Research for the project is done by looking at primary sources, including homesteading records at the National Archives in Washington, D.C., newspaper accounts from the time, personal letters or diaries discovered or interviews with descendants.
According to Edwards, there is an estimated 93 million descendants of homesteaders, almost a third of the nation's population. The research done by Edwards and his team with the Homesteader Project allowed descendants of Black homesteaders to learn about their ancestors, who created all-Black or mostly-Black self-governing rural communities.
One of these communities was in DeWitty, Nebraska, which was settled by Black Canadians who had previously escaped American slavery. Though the town was later renamed Audacious, descendants of the families who lived in the colony got in touch after the Homesteader Project study was published in 2019. Now, they've created The Descendants of DeWitty, an organization based in Omaha that works to educate people about the homesteader community.
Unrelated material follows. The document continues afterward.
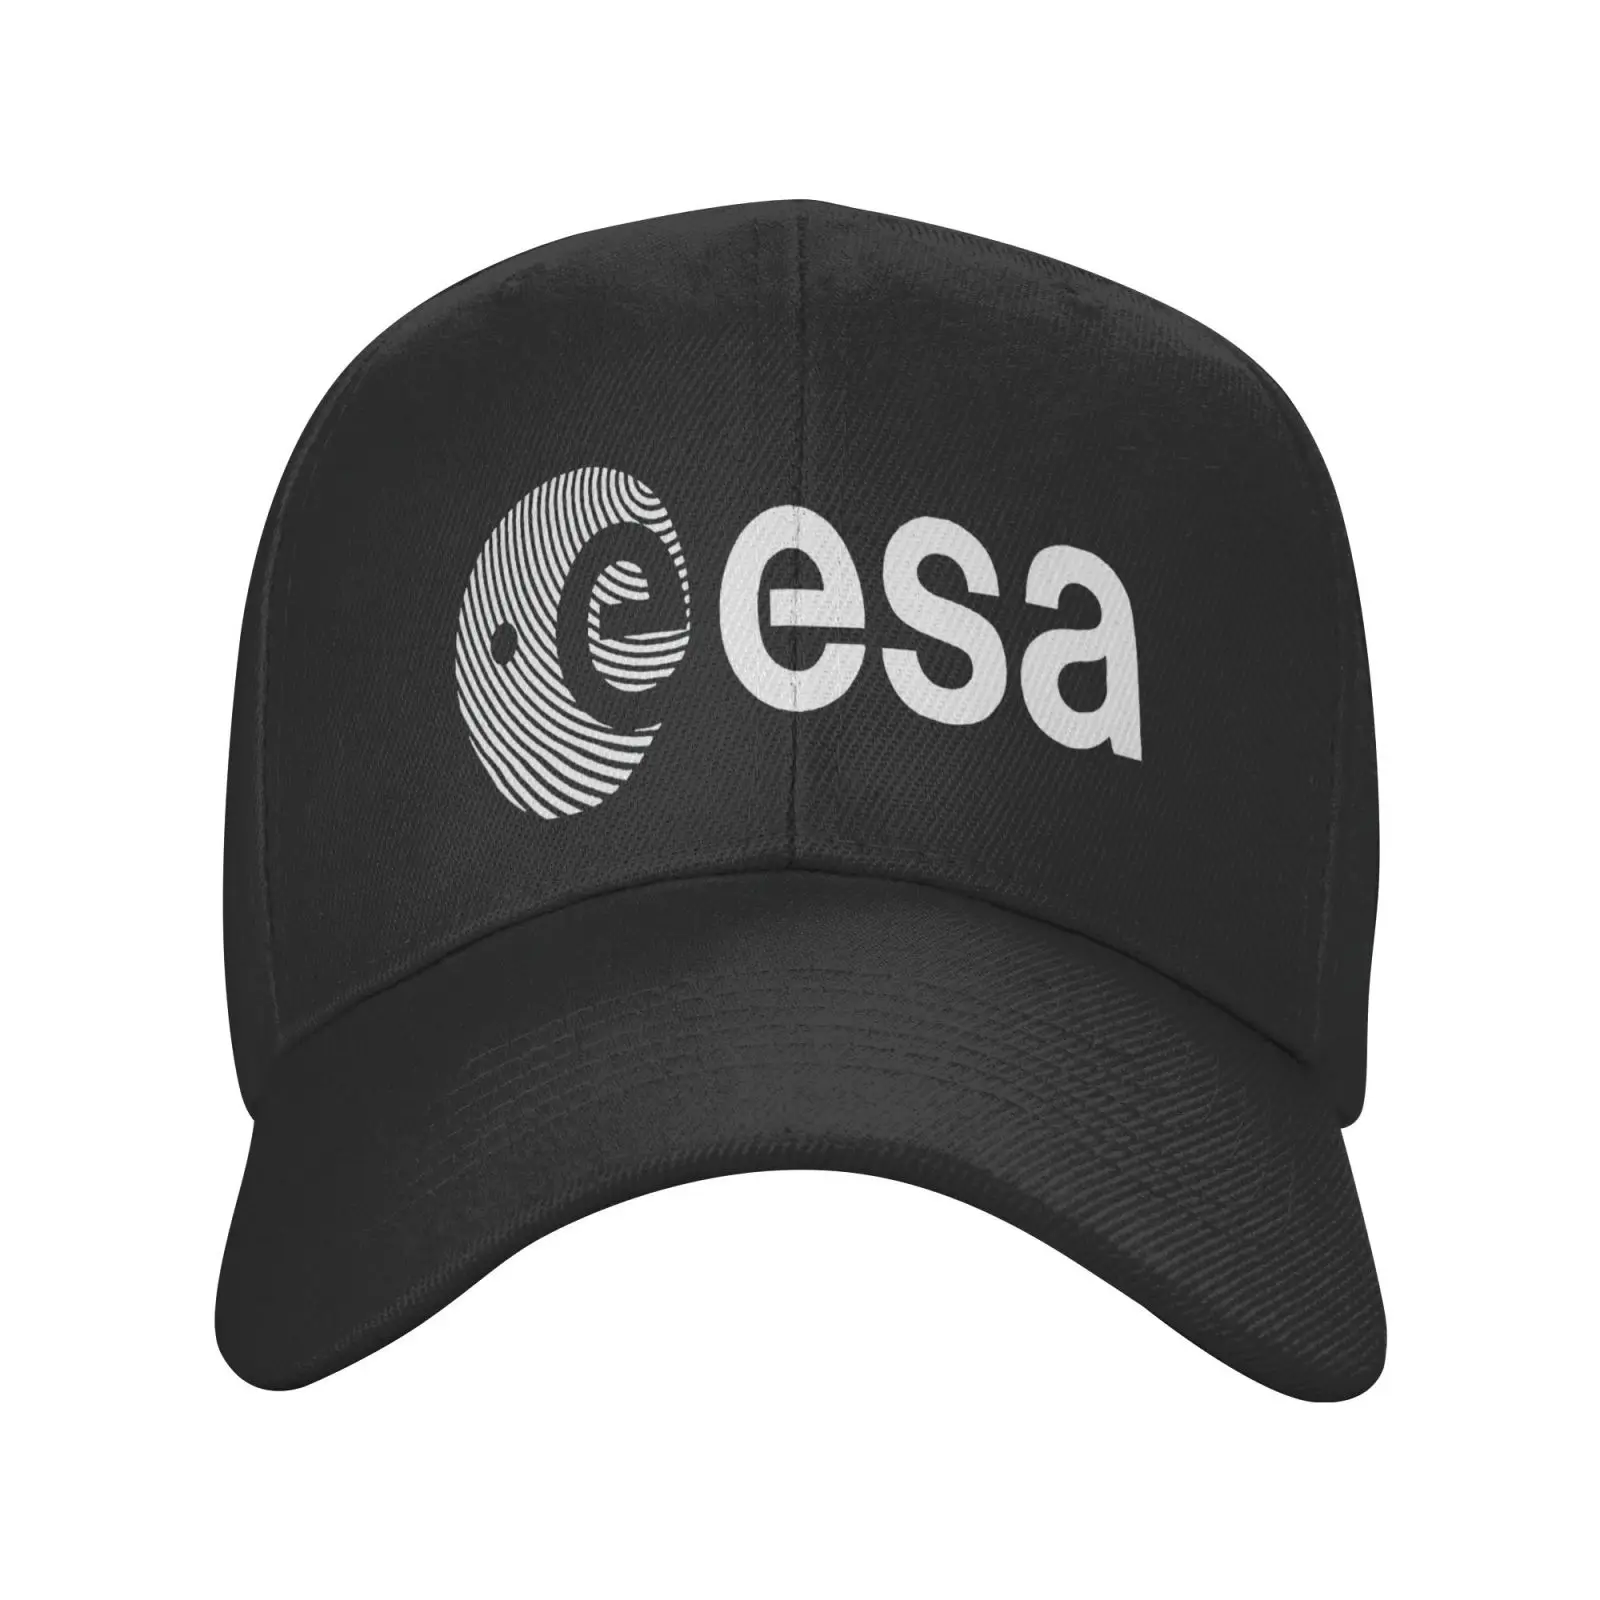 Европейская бейсболка Esa с символами космического агентства для мужчин и женщин

"(The Black homesteaders) did all of the things that they wanted to do to create lives for themselves," Edwards said. "Though they could never entirely isolate themselves in individual communities, they were the ones who ran things. That's part of the reason they came here, is because they couldn't do that in the South."
The researchers on the Homesteader Project intend to convey the trials and tribulations Black homesteaders encountered — many of those stories haven't been told yet. Engler said that from a National Park perspective, he feels a responsibility to share their stories.
"One of the things we wanted to do in the study was to look at participation of homestead projects, which were told by white homesteaders, and look at the Black homesteaders who participated as well," Engler said. "We wanted to fill out the missing portions of the homesteading story."